Green industrials merit overweight as CBAM protection creates structural advantage for European producers of green steel, low-carbon cement, and sustainable materials. The carbon border tax is a genuine moat. Defense deserves overweight as the rearmament cycle accelerates following decades of underinvestment. Political mandate now aligns with fiscal commitment.

Luxury sits neutral given strong franchises but meaningful China exposure creates ongoing risk as that economy struggles. Autos tilt underweight as the sector fights both EV transition challenges and intensifying Chinese competition. Legacy auto faces perhaps the most difficult competitive environment in its history. Energy-intensive industry warrants underweight as structural cost disadvantage versus US (cheap gas) and China (subsidies) limits competitive positioning.

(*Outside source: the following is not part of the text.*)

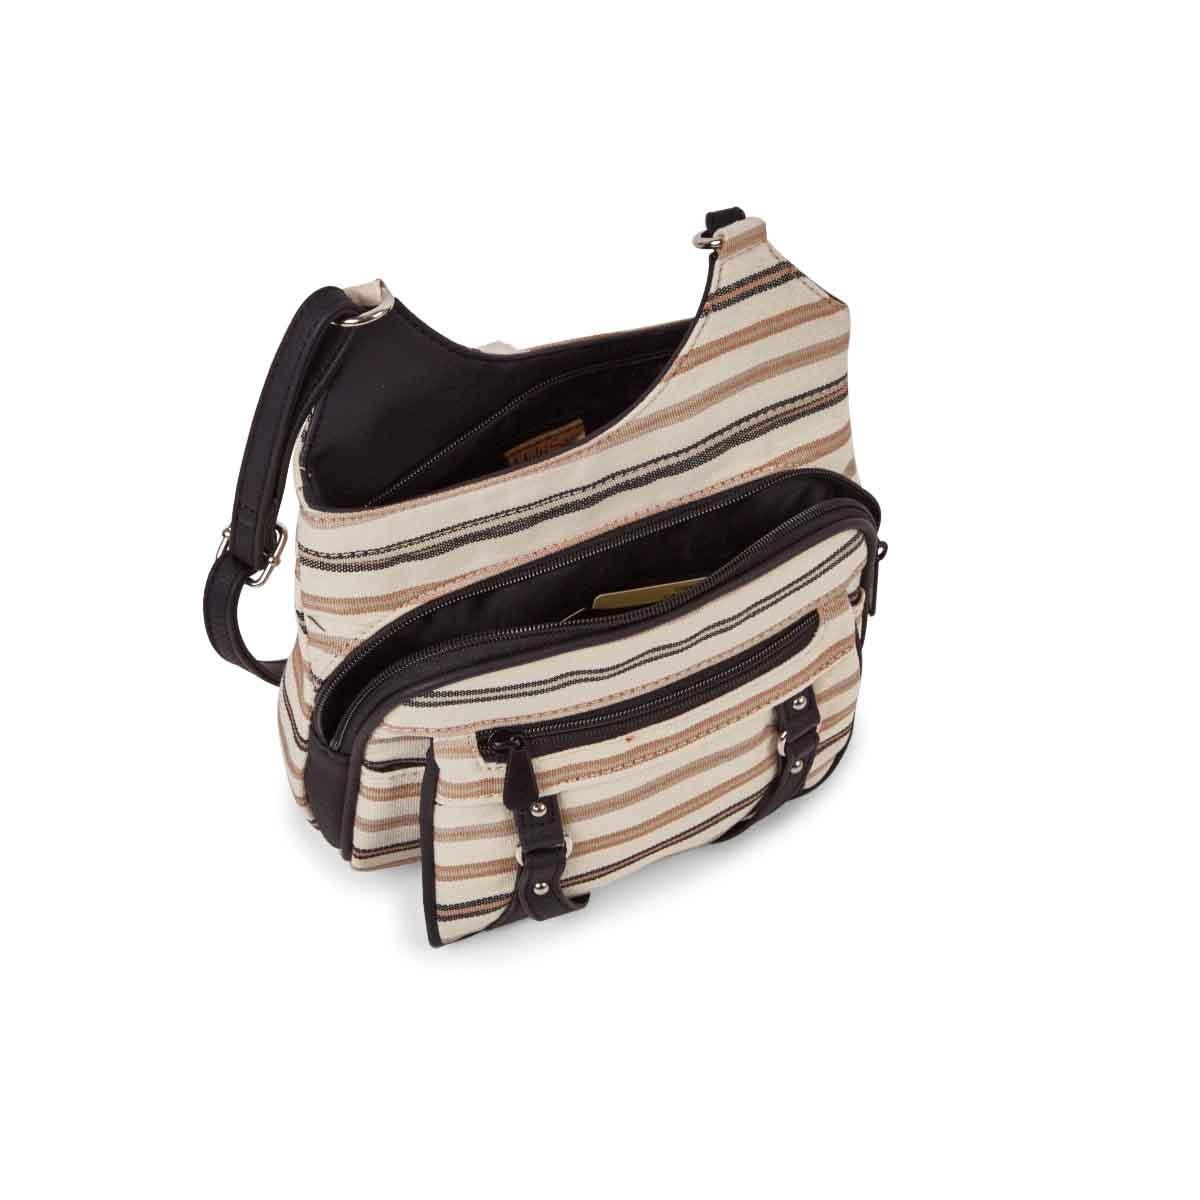 Lds Prime Classic black stripe crossbody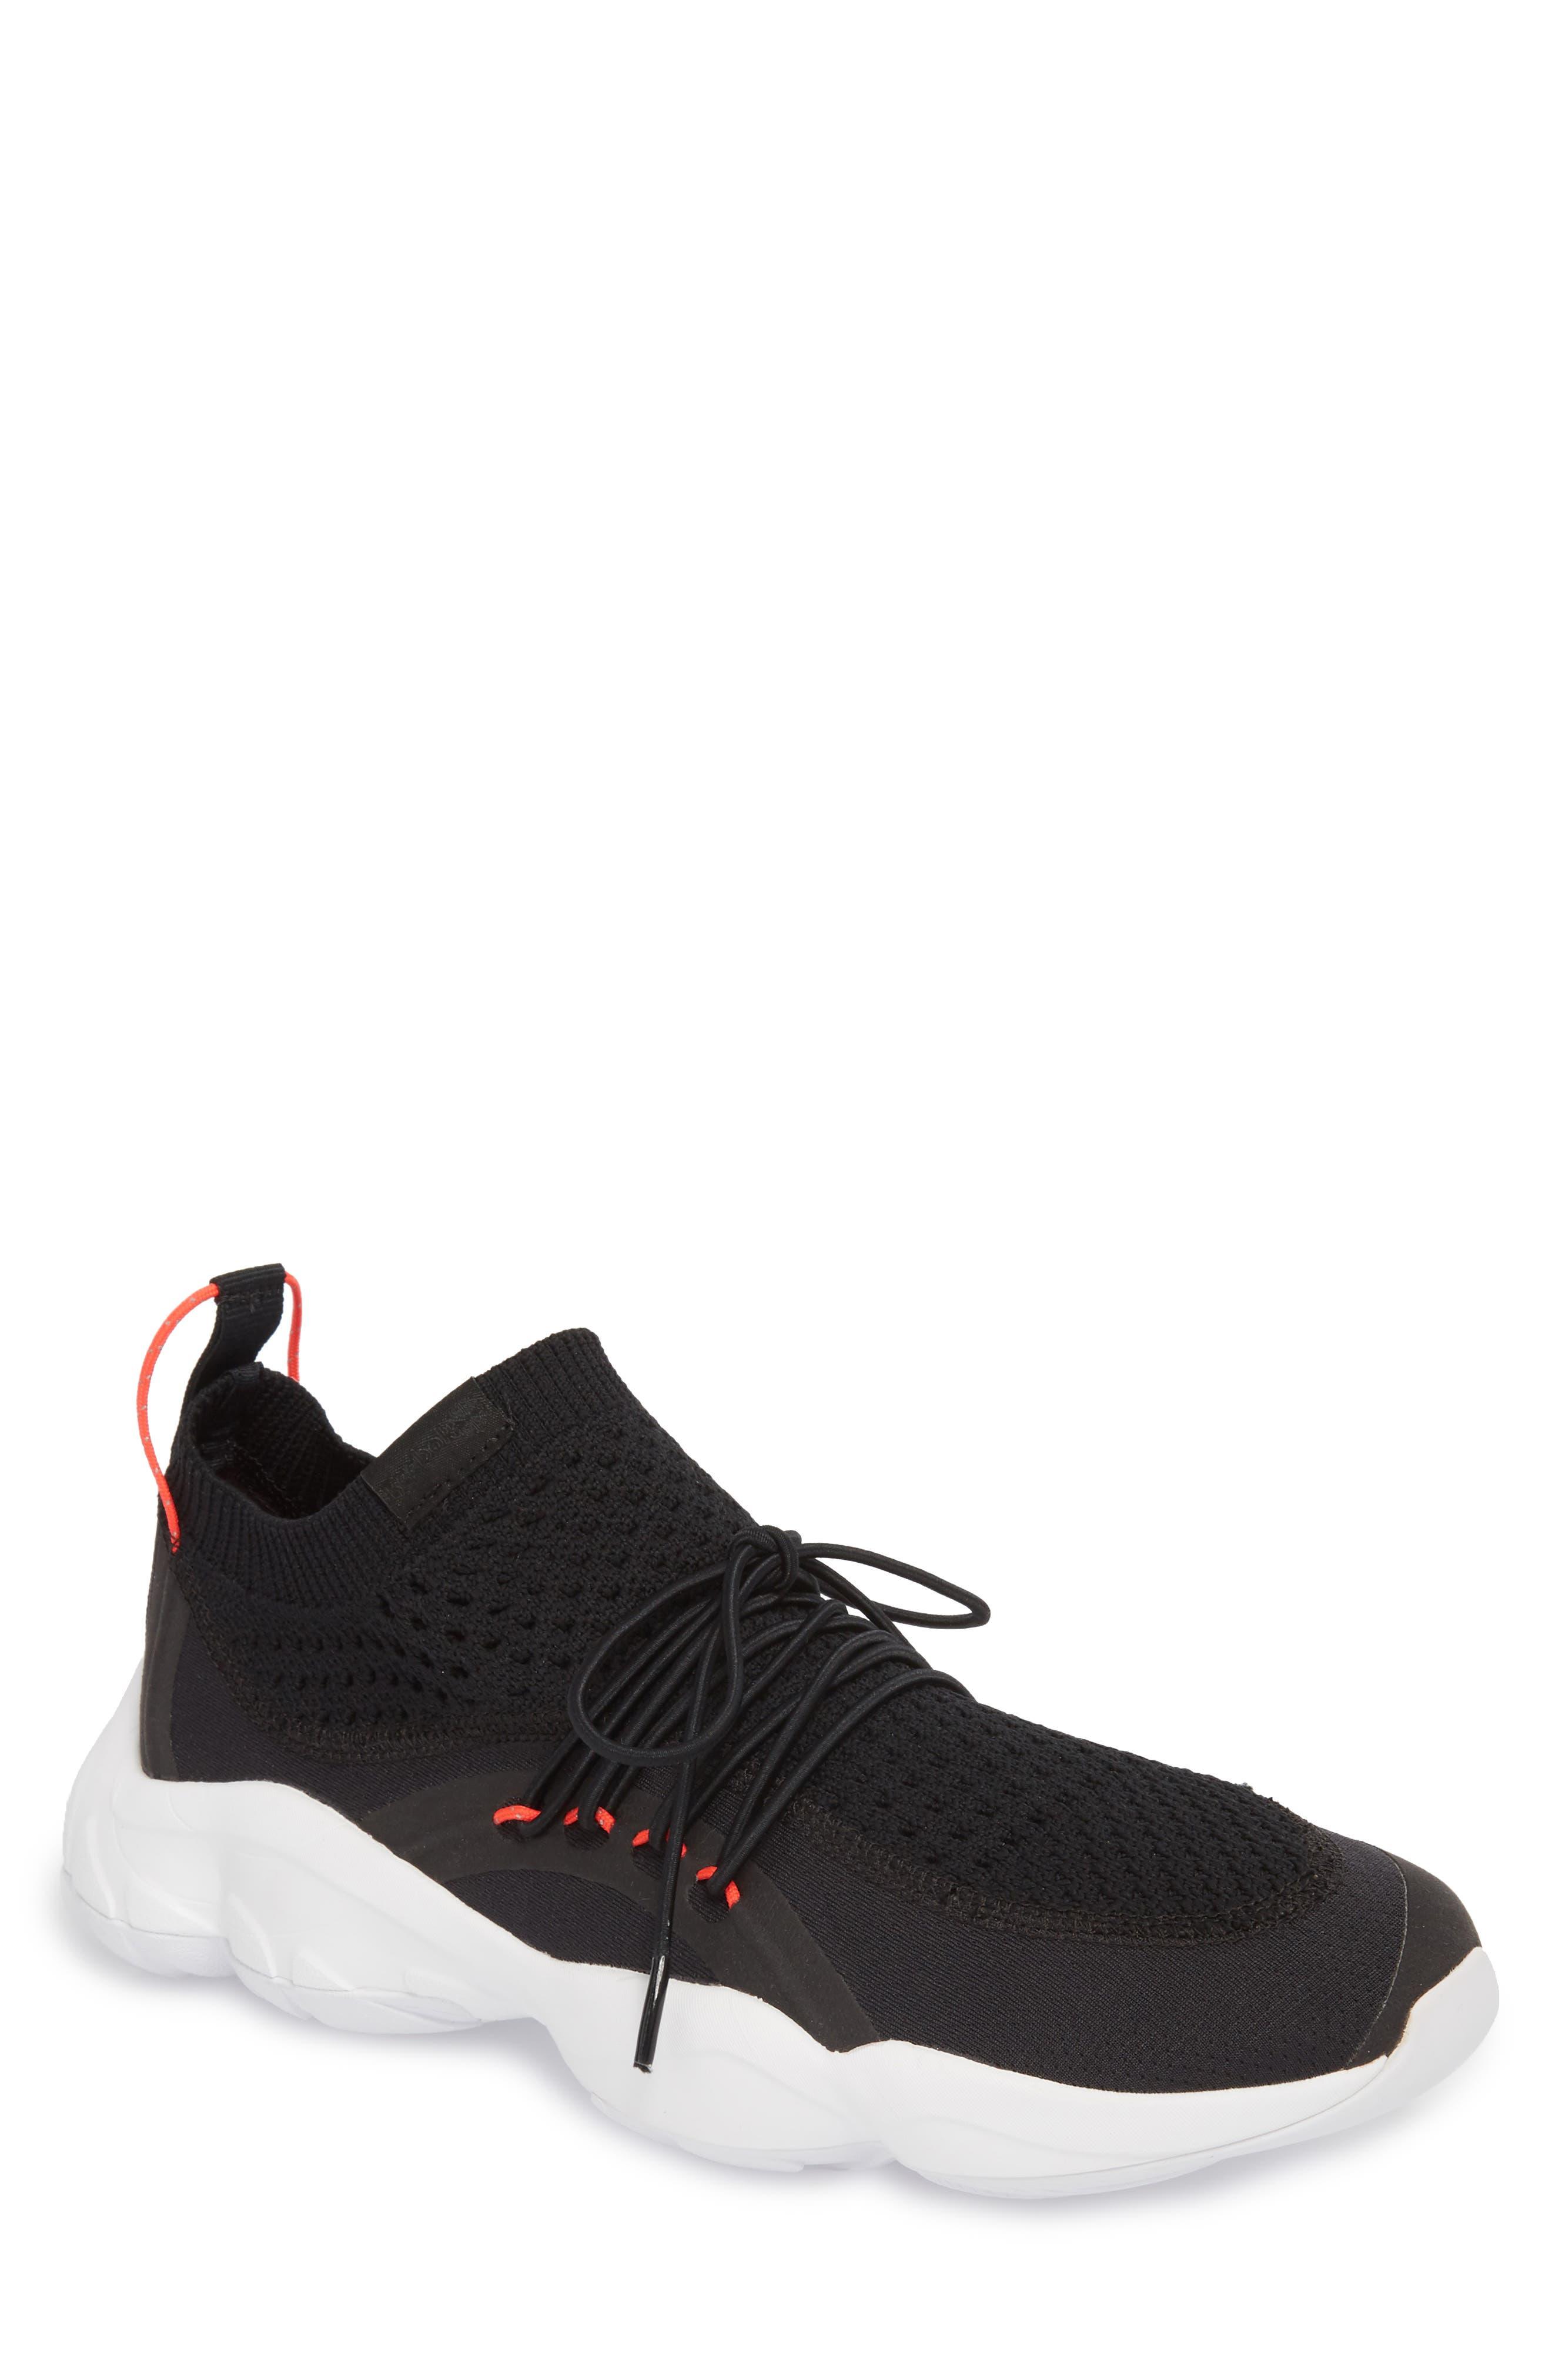 Reebok DMX Fusion NR Sneaker (Men)

Emerging Markets (Highly Selective)

Emerging markets bifurcate between nearshoring winners and those caught between blocs. Country selection matters enormously.

Mexico commands strong overweight as the the nearshoring epicenter, already America's largest trading partner, benefiting from USMCA protections and geographic proximity. India warrants selective overweight: the long-term structural story is compelling but execution risk demands careful stock selection. Focus on proven operators. Indonesia deserves overweight as the next wave of China+1 manufacturing relocation combines with commodity resource wealth.

Vietnam moves to neutral after its remarkable run, as the opportunity is maturing while US scrutiny of its trade surplus creates headwind. Brazil stays selective, as commodity leverage provides moments of strength but political volatility demands tactical engagement rather than strategic commitment.

China tilts underweight as policy risk, domestic overcapacity, and accelerating decoupling create a difficult setup. Structural reasons to reduce allocation regardless of valuation.

Fixed Income: Duration and Credit

Sovereign Bonds

Duration positioning reflects the fiscal realities of industrial policy. Short-duration US Treasuries warrant overweight as fiscal pressure concentrates on the long end where massive issuance must find buyers. Long-duration Treasuries deserve underweight as supply concerns and structurally higher inflation from nearshoring create persistent headwinds beyond the cycle.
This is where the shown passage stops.